Temporal Matching of Non-Rigid Shapes
PhD thesis
Supervision: Edmond Boyer
Introduction
The Perception team is involved in several research projects related to multiple camera environments, i.e. environments where digital cameras located around a common space can acquire videos of this space, in real time. The proposed position is aimed at solving some of the scientific problems raised by such environments, in particular with 3D model acquisitions over time sequences [1].
Problem statement
This proposal is concerned with applications where videos of the same non-rigid scene obtained from several viewpoints are available. Such videos contains redundant spatio-temporal information on the observed scene. To produce a scene description, usual approaches fuse, or integrate, the information only over the space domain, e.g. standard 3D reconstructions, wrongly assuming that the video information is time independent. In this work, we want to take a different direction and to consider the temporal dimension as part of the process when extracting scene descriptions. Applications of spatio-temporal representations are then numerous and include, among other: scene modeling, which can be improved by temporal consistency constraints; scene animation which can be achieved from videos without the need of prior models such as articulated bodies; medical applications where the analysis of shape motion, of humans for instance, is of great interest but requires temporal correspondences between shapes.
Method
Several spatio-temporal representations have been proposed depending on the information taken into account. For instance Vedula et al. [2] consider optical flows in 2D and fuse them into scene flows in 3D. Correspondances between volumetric reconstruction (i.e. voxels) are then estimated based on this information. Other approaches have been proposed which consider surface elements and correspondences based on photometric and geometric information [3,4,5]. In the first part of the thesis, a thorough study of the different representations and their strengths and weaknesses will be achieved. The second part of the thesis will be devoted to the proposition of a representation and its implementation. As a first application, 3D textured surfaces obtained with the Grimage platform will be considered. Their matching over time sequences will enable visualization and animation applications to be developed.
Expected Results
Expected results are first theoretical: how to efficiently take time into account and which representation should be used for that purpose. They are also practical, solutions will be implemented in the context of the GRAVIR acquisition platform GRIMAGE. Also the perception team is involved in the ARC GEOREP which gather research teams from the graphics, vision and computational geometry community on research themes related to mesh operations. Fruitful collaborations are therefore expected from this ARC.
References
[1] The GrImage Platform: A Mixed Reality Environment for Interactions J. Allard and J.-S. Franco and C. Menier and E. Boyer and B. Raffin, IEEE ICVS, New York (USA), 2006.

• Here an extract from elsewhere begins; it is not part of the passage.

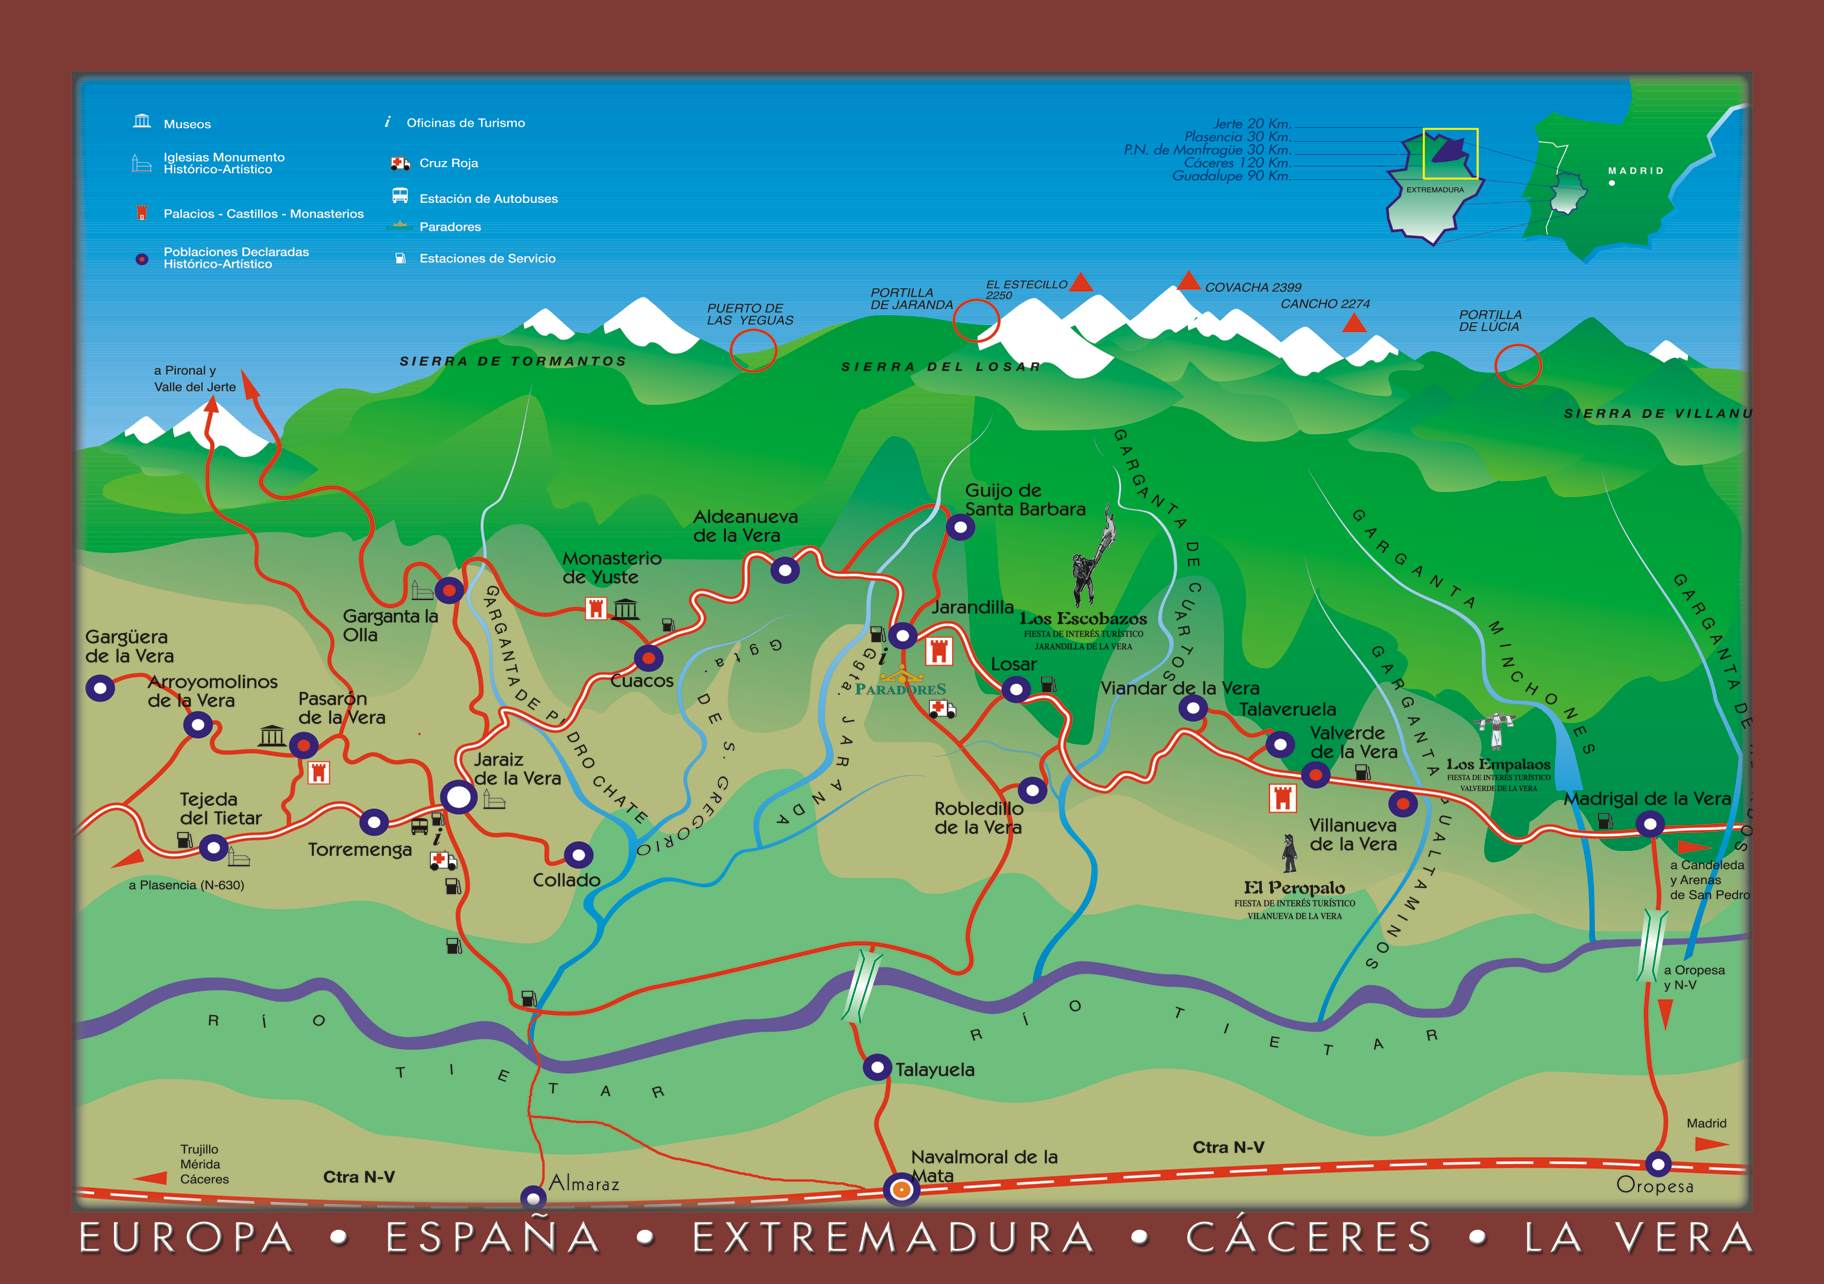 Mapa de la vera caceres my blog for La vera caceres

[2] Three-Dimensionnal scene flow, S. Vedula, S. Baker, S. Seitz and T. Kanade, IEEE ICCV, Corfu (Greece), 1999.
[3] Spatio-temporal stereo using multi-resolution subdivision surfaces, J. Neumann and Y. Aloimonos International Journal of Computer Vision, 2002.
[4] Sperical matching for temporal correspondence of non-rigid surfaces, J. Starck and A. Hilton, IEEE ICCV, Beijing (China) 2005.
[5] Variational stereovision and 3d scene flow estimation with statistical similarity measures, J.P. Pons, R. Keriven, O. Faugeras and G. Hermosillo, IEEE ICCV, Nice (France), 2003.